Mr. Williams plays with perspective in many of the works on display. While the massive red bow of “Vanquish” dominates the center of a work of the same name, sections of two other large boats crowd in from the right side. Riding a swatch of open water behind skyline and sky on the left is a small pleasure boat with its wind-filled sails leaning toward the painting’s subject. It is a remarkably sophisticated exercise in scale as well as perspective. The painter has put himself on the sailboat, according to Ms. Augoustinos, an example of how the artist’s sense of humor comes through in his work.

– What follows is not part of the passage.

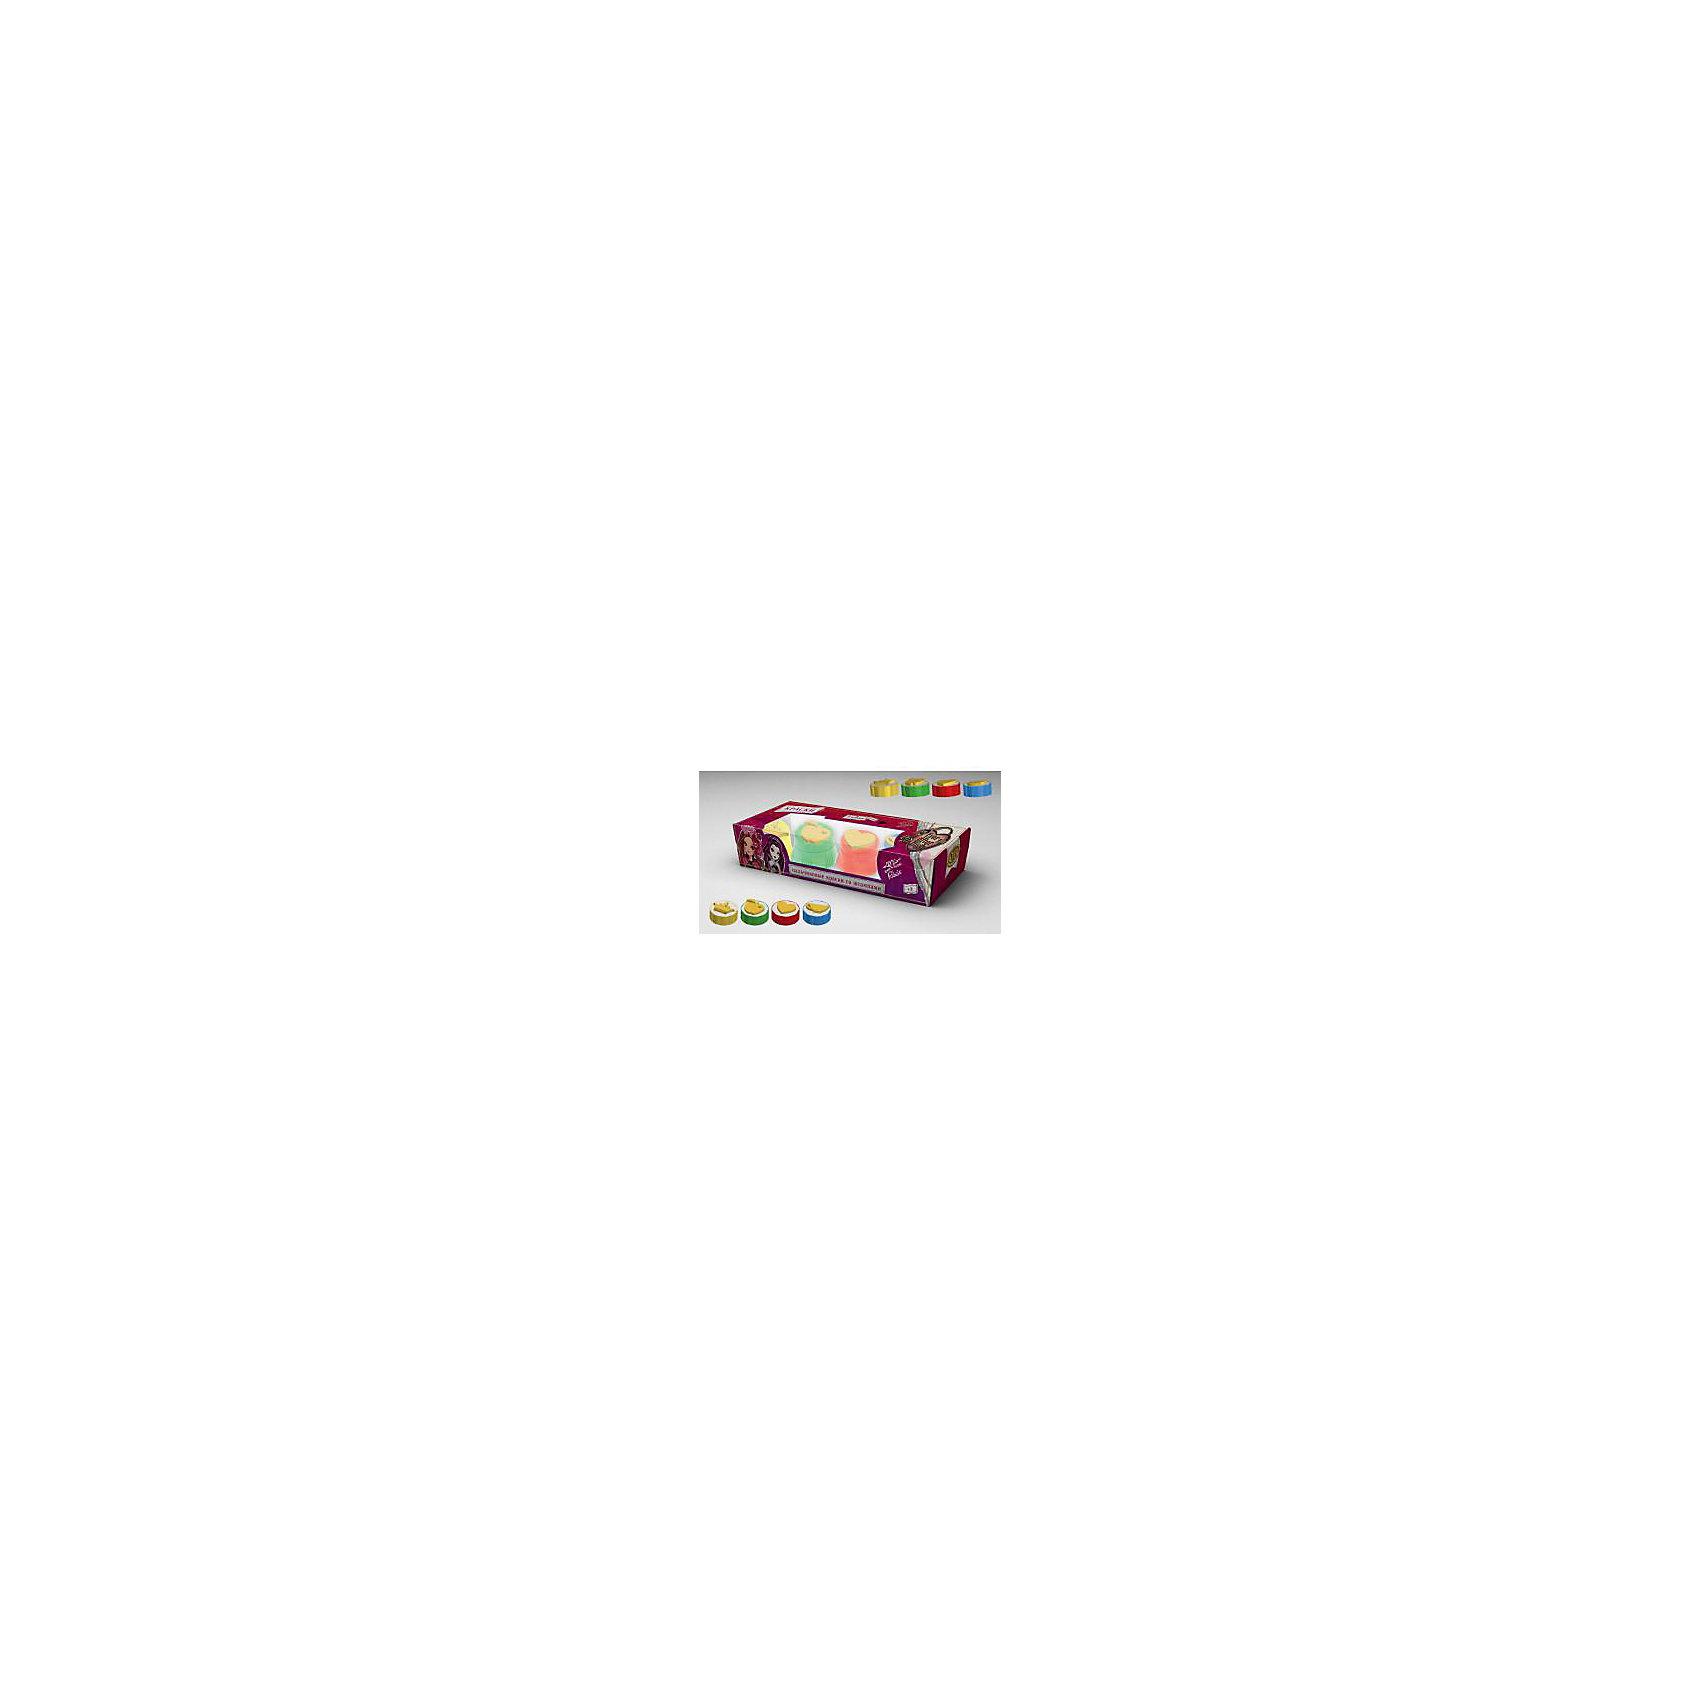 Пальчиковые краски Ever After High со штампами, 4цвПальчиковые краски Ever After High (Эвер Афтер Хай) - увлекательный набор для детского творчества, который надолго увлечет Вашего ребенка. Набор пальчиковых красок оформлен по мотивам популярного мультсериала Ever After High (Эвер Афтер Хай) (Школа Долго и Счастливо) и замечательно подходит для самых маленьких детей, которым еще трудно держать в руках кисточку. В комплекте 4 баночки разных цветов, специально предназначенных для рисования пальцами. Обмакнув пальчики в краски, малыш сможет нарисовать свои первые картинки, а штампики на крышках баночек сделают процесс рисования еще веселее и интереснее. Краски не вызывают аллергических реакций и абсолютно безвредны для кожи. Набор развивает у ребенка фантазию, творческие способности и мелкую моторику рук.<br><br>Дополнительная информация:<br><br>- В комплекте: 4 цвета.<br>- Материал: краски, пластик. <br>- Размер упаковки: 7 х 27 х 4,5 см. <br>- Вес: 239 гр.<br><br>Пальчиковые краски Ever After High (Эвер Афтер Хай) со штампами, 4 цв., Centrum, можно купить в нашем интернет-магазине<br><br>Ширина мм: 70<br>Глубина мм: 270<br>Высота мм: 45<br>Вес г: 239<br>Возраст от месяцев: 24<br>Возраст до месяцев: 48<br>Пол: Женский<br>Возраст: Детский<br>SKU: 4356980

In another variation on perspective, Mr. Williams places the giant white container ship of “Shanghai Highway” far back into the upper right corner of the painting, shrinking in size a vessel that might easily have taken over an entire canvas. This choice allows an abstract dance of green water to take over the foreground and turns upside down conventional notions of seascape. A green hull angles through “Twelve Shots,” allowing the viewer to see bullet holes scattered across the side of the boat. Mock bullet holes festoon the clouds overhead. As Ms. Augoustinos suggests, all of the works on display have dramatically different skies. She anticipates taking work by Mr. Williams and other A Gallery artists to New York City art fairs in the off-season.